Imagem da passeata contra a guitarra elétrica (1967). À direita, é possível ver Elis Regina, Jair Rodrigues, Gilberto Gil e Edu Lobo, grandes nomes da MPB na época.
Uma noite em 67 ilustra o desenvolvimento do rock no Brasil e a contemporânea queda da MPB enquanto estilo, visto que alguns artistas estavam mais abertos às influências estrangeiras tanto no que dizia respeito ao estilo musical quanto em termos de ideologia e contestação ao status quo. O desenvolvimento musical da década seguinte é minuciosamente descrito no documentário recomendado a seguir.
2. Rock Brasil 70 – Viagem progressiva, de Ana Paula Minari, Bruno Rizzato Rodrigues, Guilherme Machioni, João Figueiredo, Tábata Porti e Thiago Mourato (2013)
O rock progressivo brasileiro é um dos estilos menos comentados nas rodas de conversa a respeito de música nacional. Os que o conhecem são poucos; além disso, boa parte das discografias já saíram de catálogo, o que torna mais difícil ainda o contato com artistas do gênero.
Com o objetivo de trazer à luz o que foi o progressivo nacional, suas influências e sua relevância, Rock Brasil 70 mostra entrevistas feitas com os principais nomes do gênero ainda vivos, que expuseram as dificuldades pelas quais passaram na época de gravação de seus discos e na produção dos shows. Essas dificuldades decorriam de dois principais problemas: primeiro, a defasagem técnica no que diz respeito aos aspectos de gravação, produção e mixagem de discos; músicos como Guilherme Arantes comentam o atraso do Brasil na produção de LPs e na elaboração de instrumentos musicais de qualidade, ressaltando que o que era produzido no estrangeiro era muito melhor, contudo mais caro; segundo, vale lembrar que o rock progressivo brasileiro floresceu no decorrer da Ditadura Militar; logo, muitos artistas da época tiveram suas canções submetidas à censura, que as consideravam subversivas.
Influenciados por Genesis, Jethro Tull e Yes, bandas como O Terço, Bacamarte, Recordando o Vale das Maçãs e Violeta de Outono ainda permanecem numa espécie de obscurantismo do rock brasileiro, que tem os anos 1980 considerados por boa parte da crítica e pelos fãs como seu apogeu e melhor fase.
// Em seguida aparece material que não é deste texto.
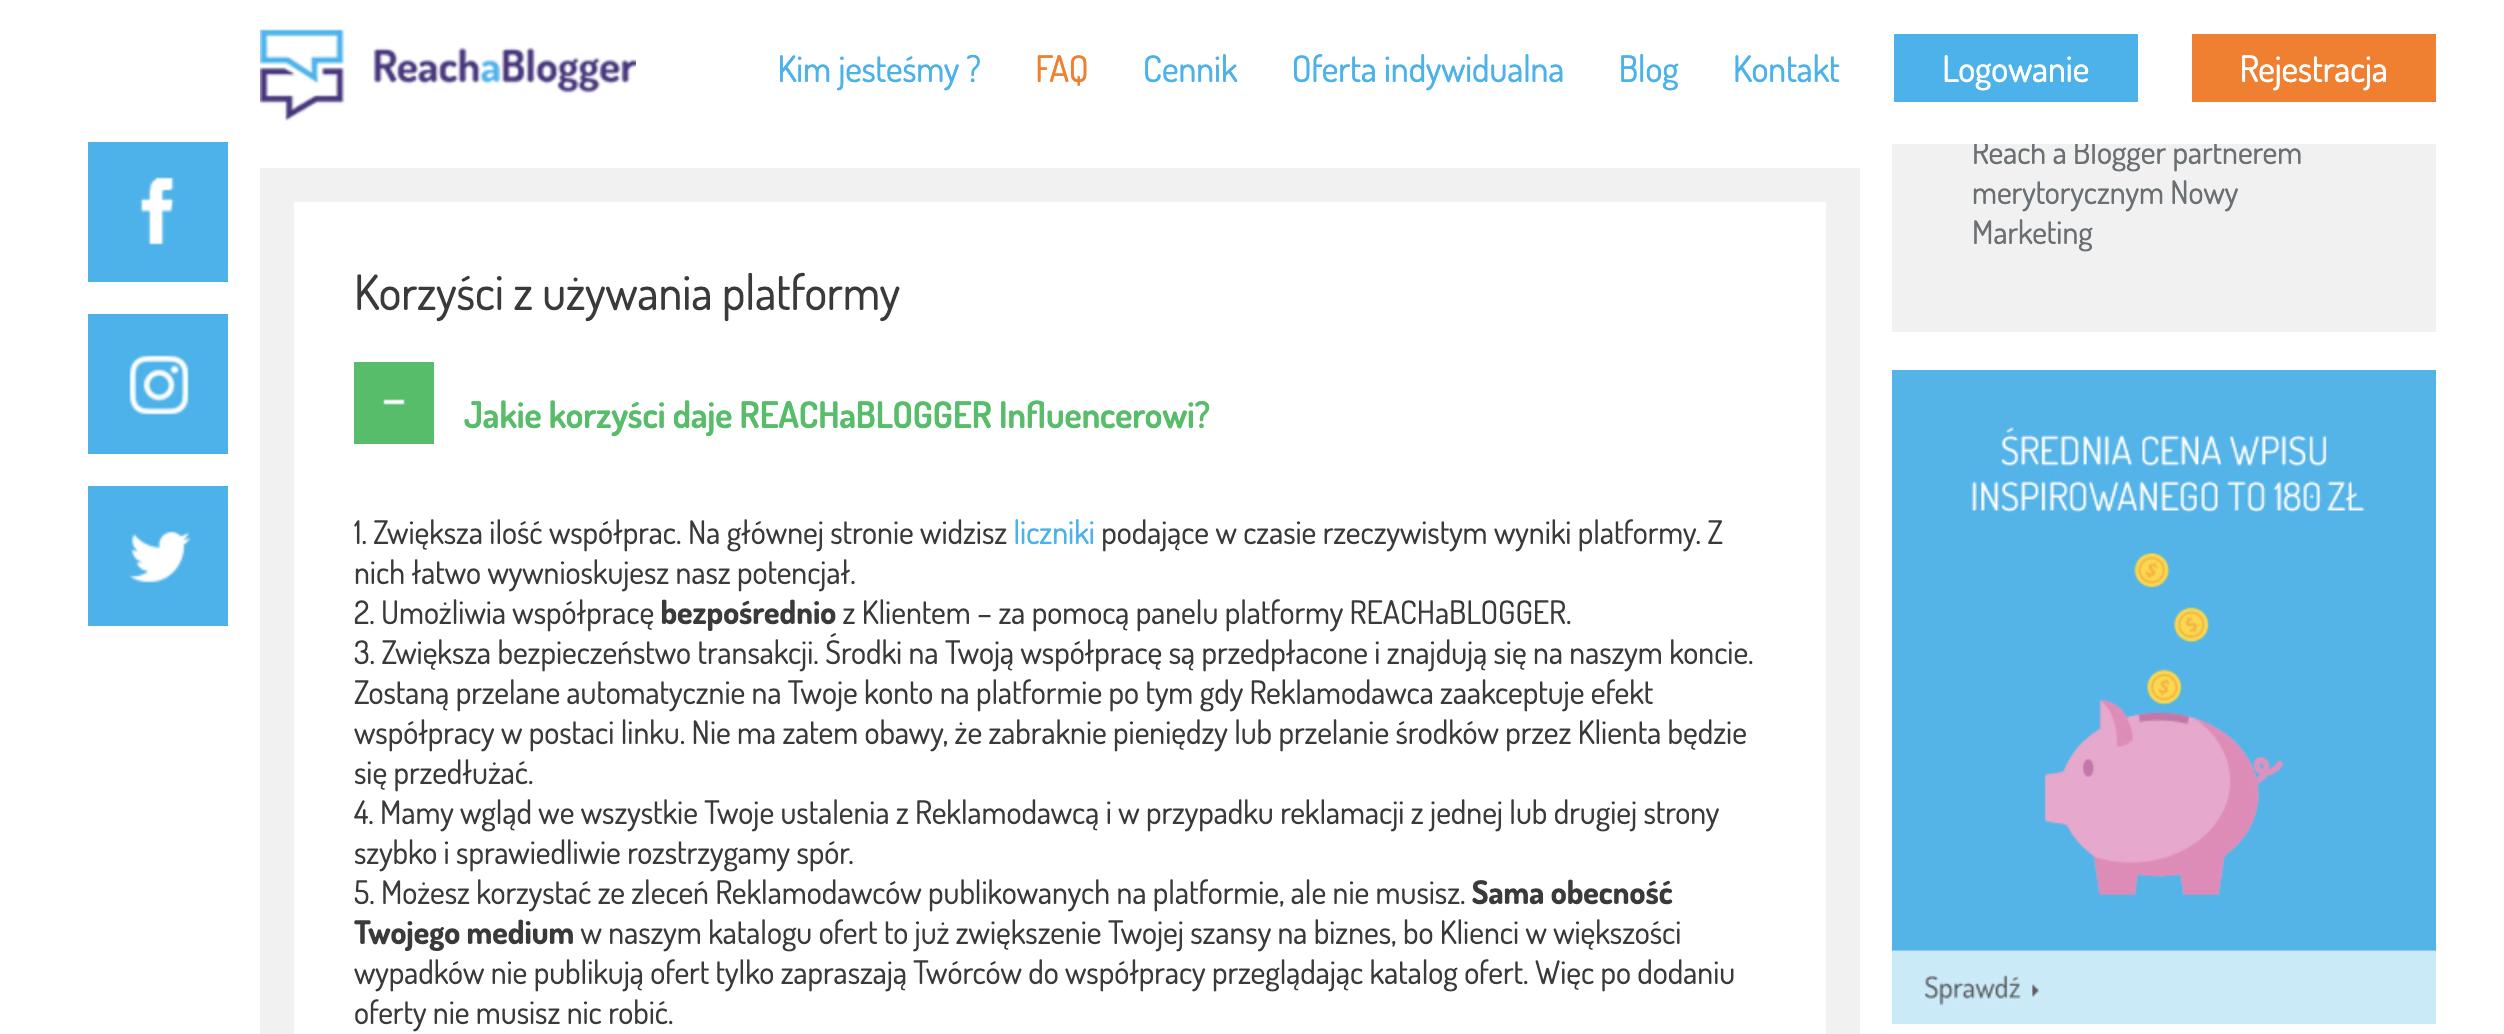 reachablogger platforma współpracy z blogerami

Assim, Rock 70 cumpre bem o objetivo de revelar a nós, os fãs, esse gênero tão bem tocado e pouco abordado no país. E para complementar esta recomendação, sugiro também que acompanhem no Spotify a playlist Brazilian Prog do Som em Pauta. Lá vai ser possível ter contato com alguns dos principais nomes do rock progressivo brasileiro.
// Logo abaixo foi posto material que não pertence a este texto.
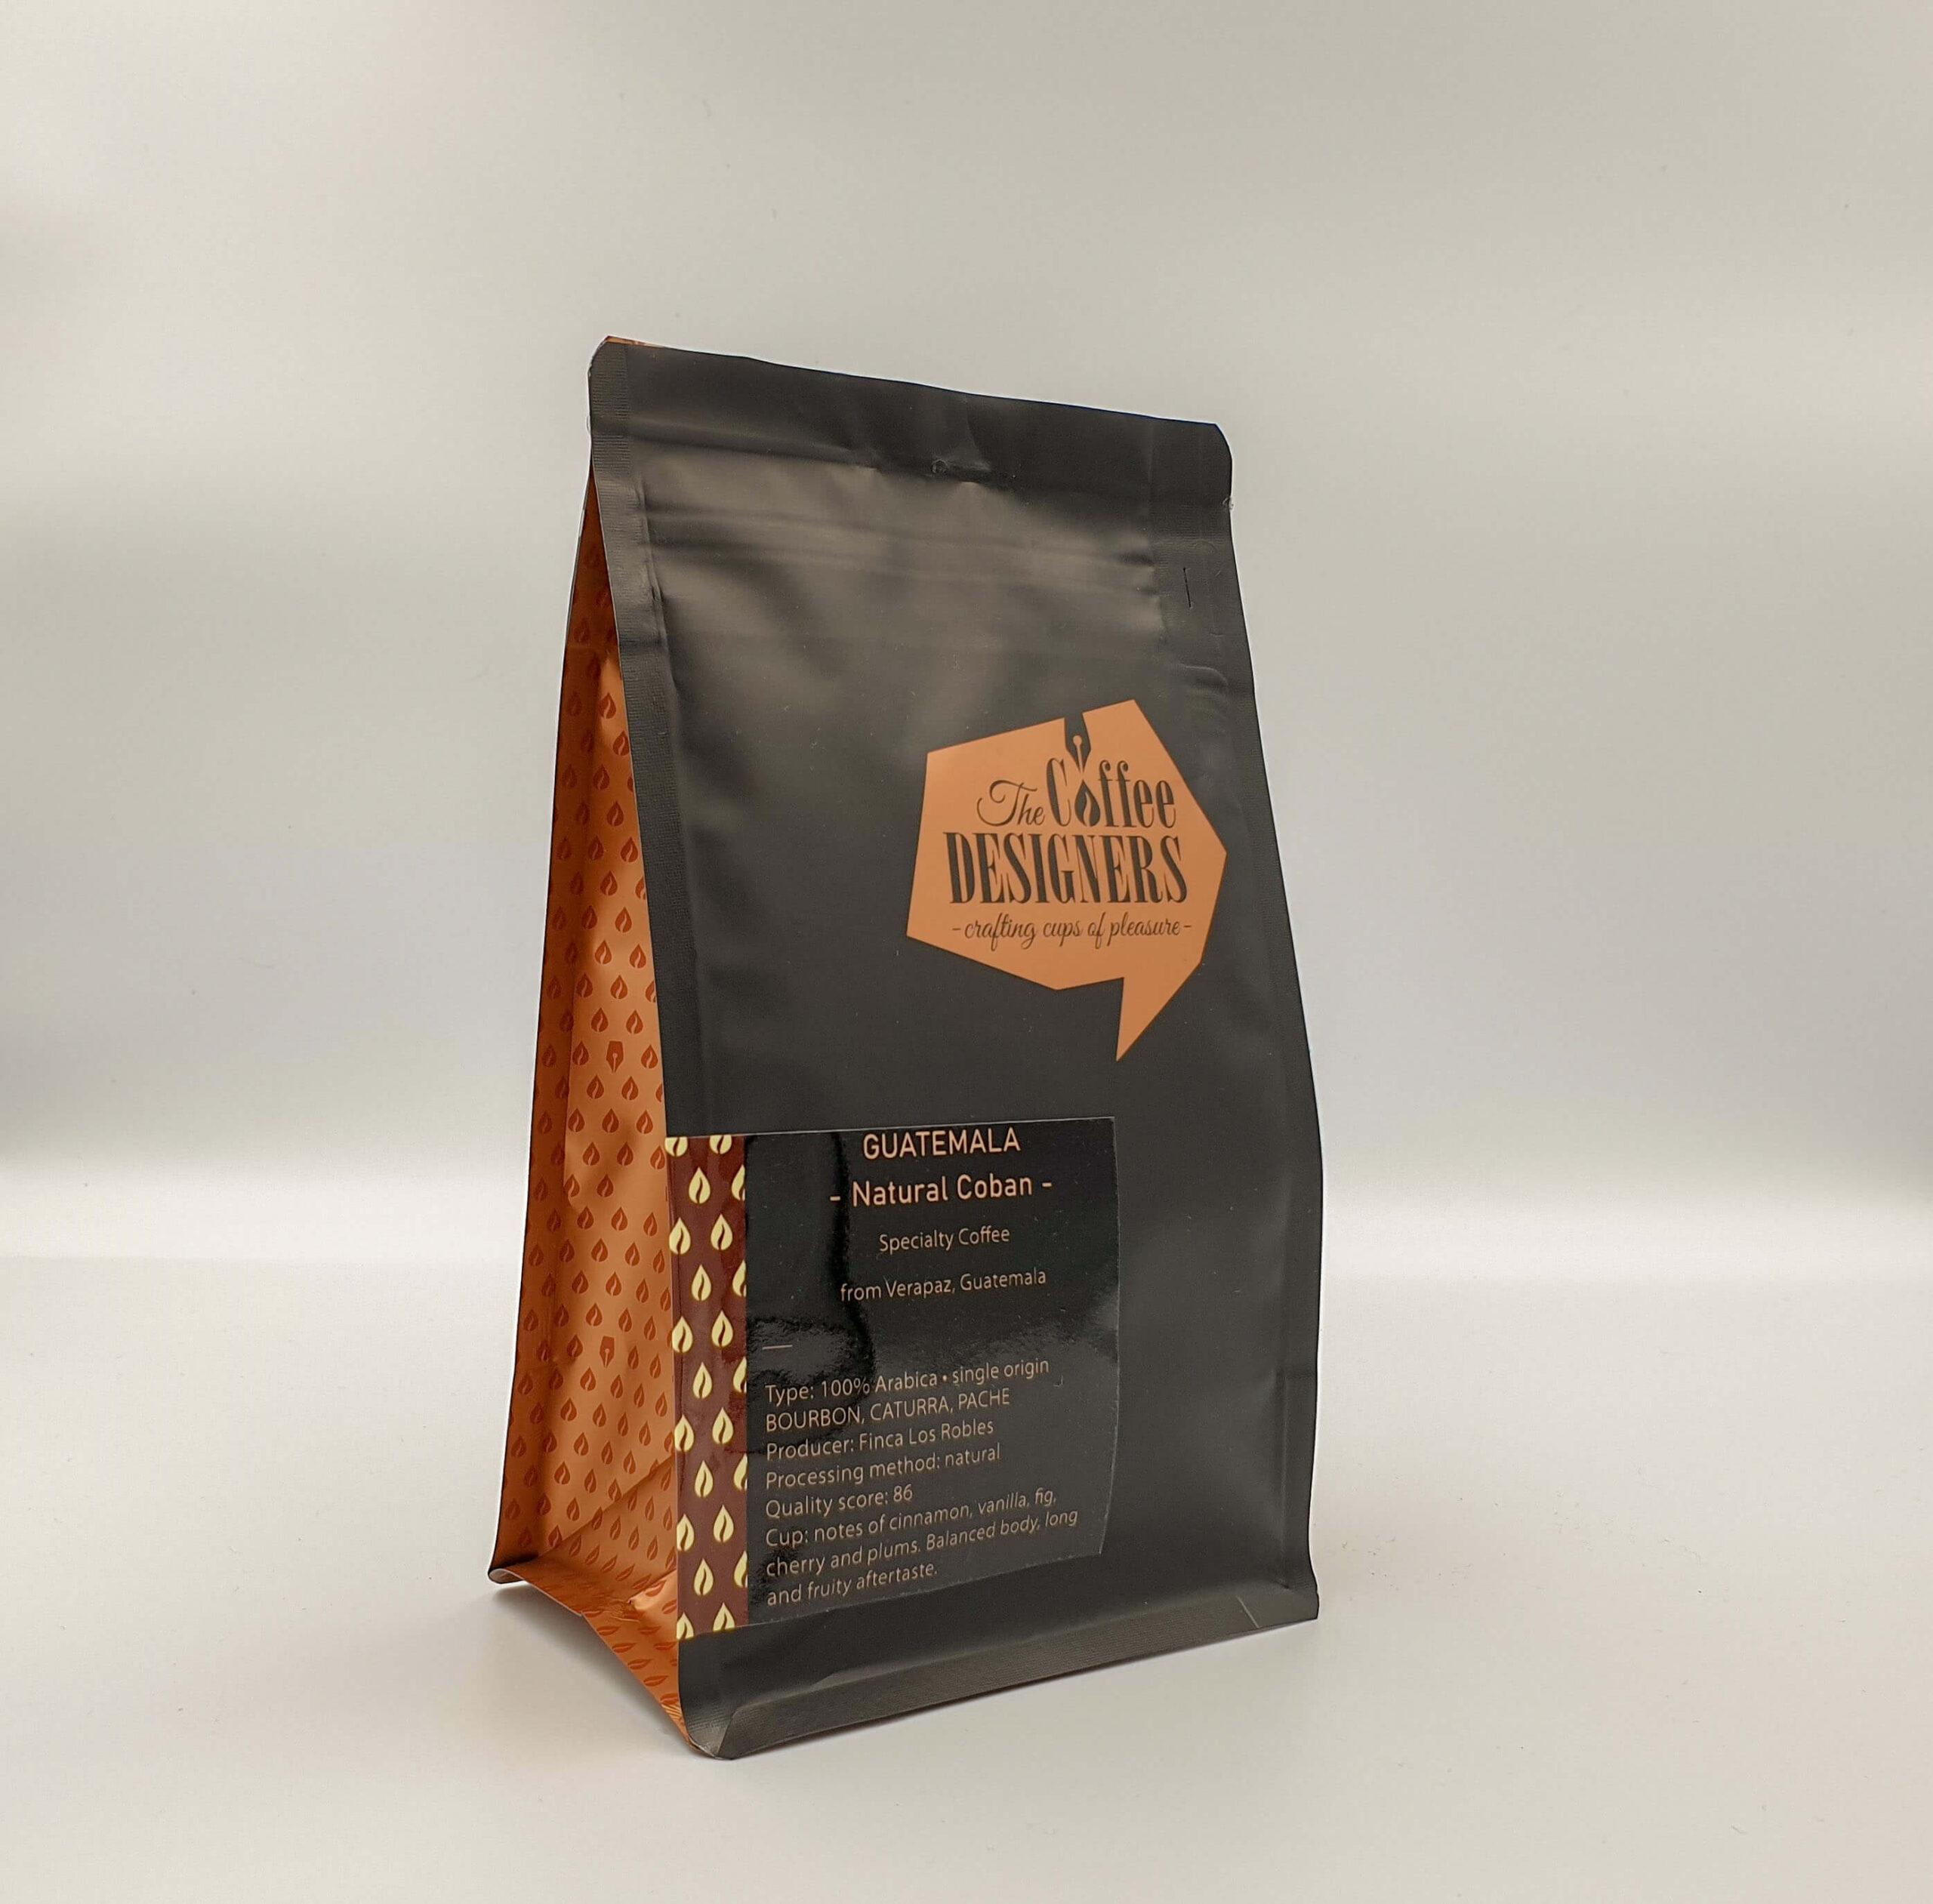 Cafea de specialitate_Guatemala Natural Coban_Coffee Designers

3. Palavra (en)cantada, de Helena Solberg (2008)
Calcado na interdisciplinaridade, Palavra (en)cantada aborda música e poesia, bem como a influência desta naquela. Há diversas entrevistas com grandes nomes da música popular brasileira, como Adriana Calcanhoto, Maria Bethânia, Lenine, entre outros, e cada um deles comenta a relação entre letra e música, desvendando segredos linguístico-poéticos imbrincados em suas canções e revelando suas preferências literárias, assim como suas influências nas composições.
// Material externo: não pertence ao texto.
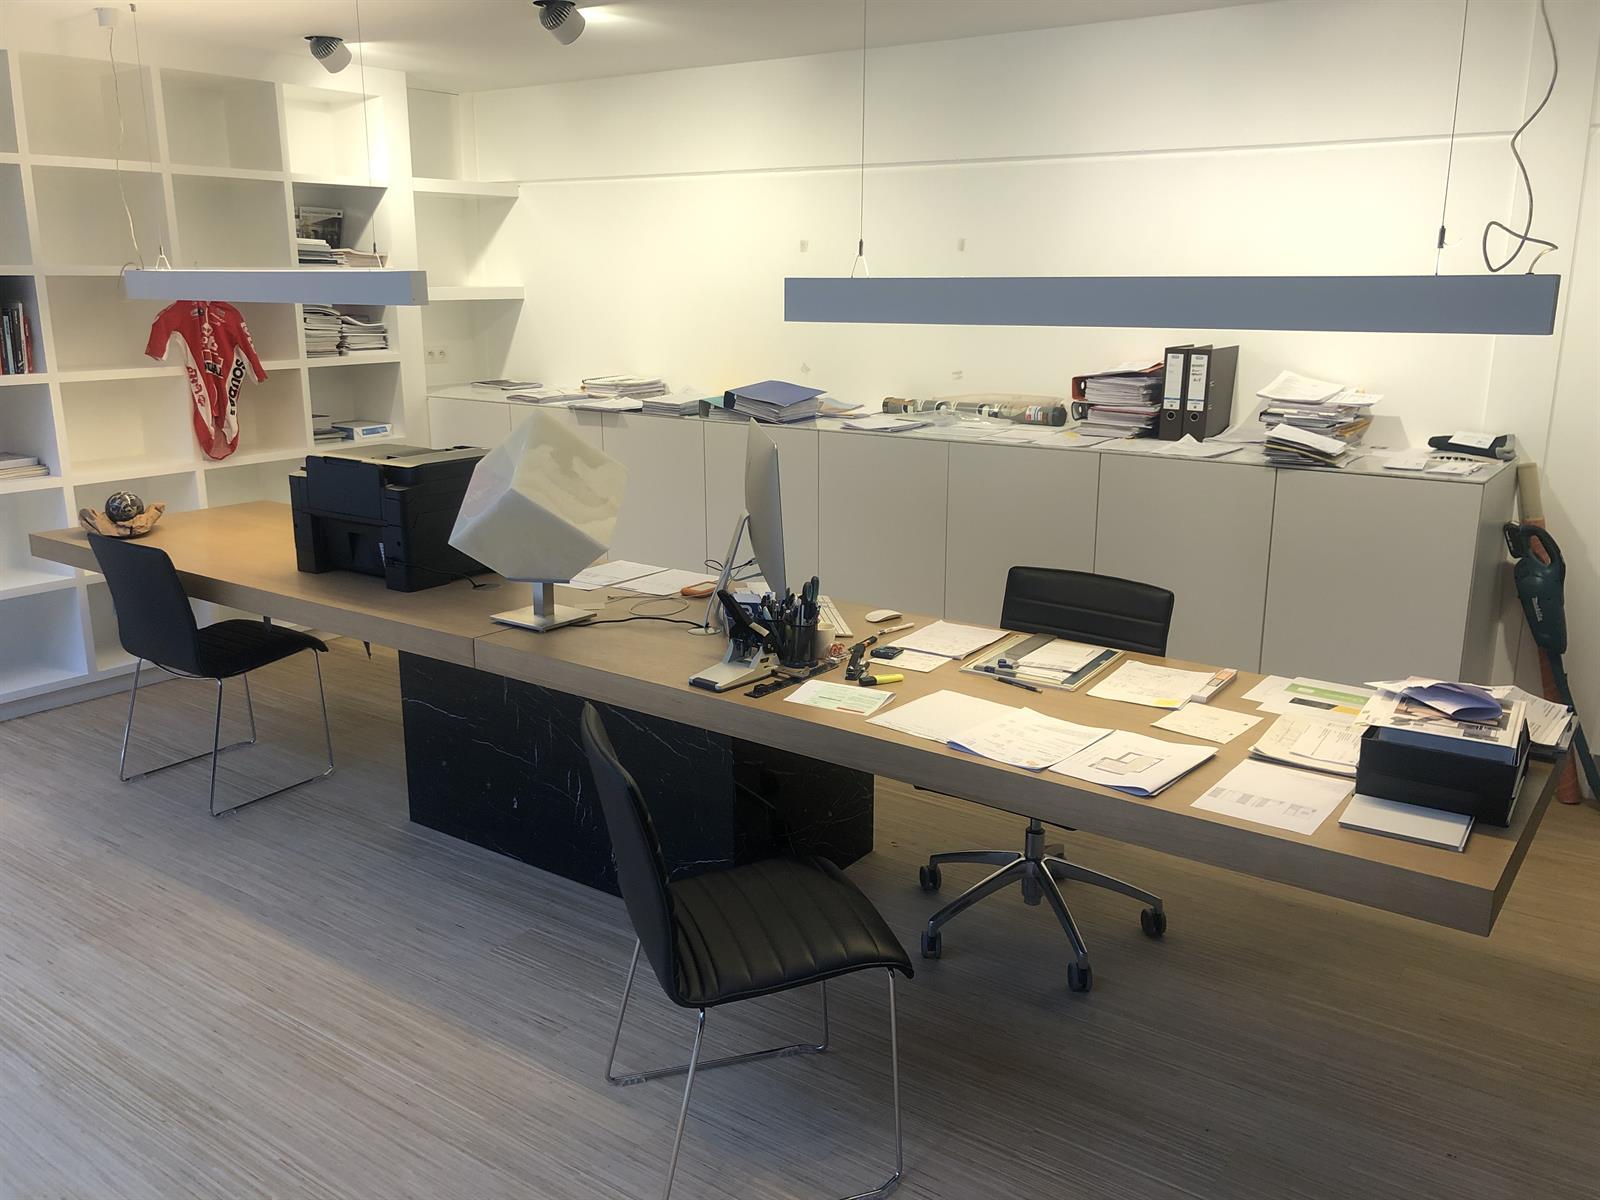 KMO-unit te koop I124 - KMO-Unit - Schoenstraat 11 K, 9140 Temse, België 9

No documentário, o limite temporal é inexistente, pois a narrativa vai de Chico Buarque a Ferréz, passando por Arnaldo Antunes e outros nomes expressivos. Nele, o aspecto poético, em alguns momentos, é até mais valorizado que a própria música, mas traz uma perspectiva muito bacana sobre o processo de composição de cada artista, bem como o impacto da poesia sobre cada um deles.
Para estudantes de Literatura ou simpatizantes do tema, Palavra (en)cantada é um documentário quase imprescindível, visto que revela e aborda o “par perfeito” da poesia desde o período homérico: a música.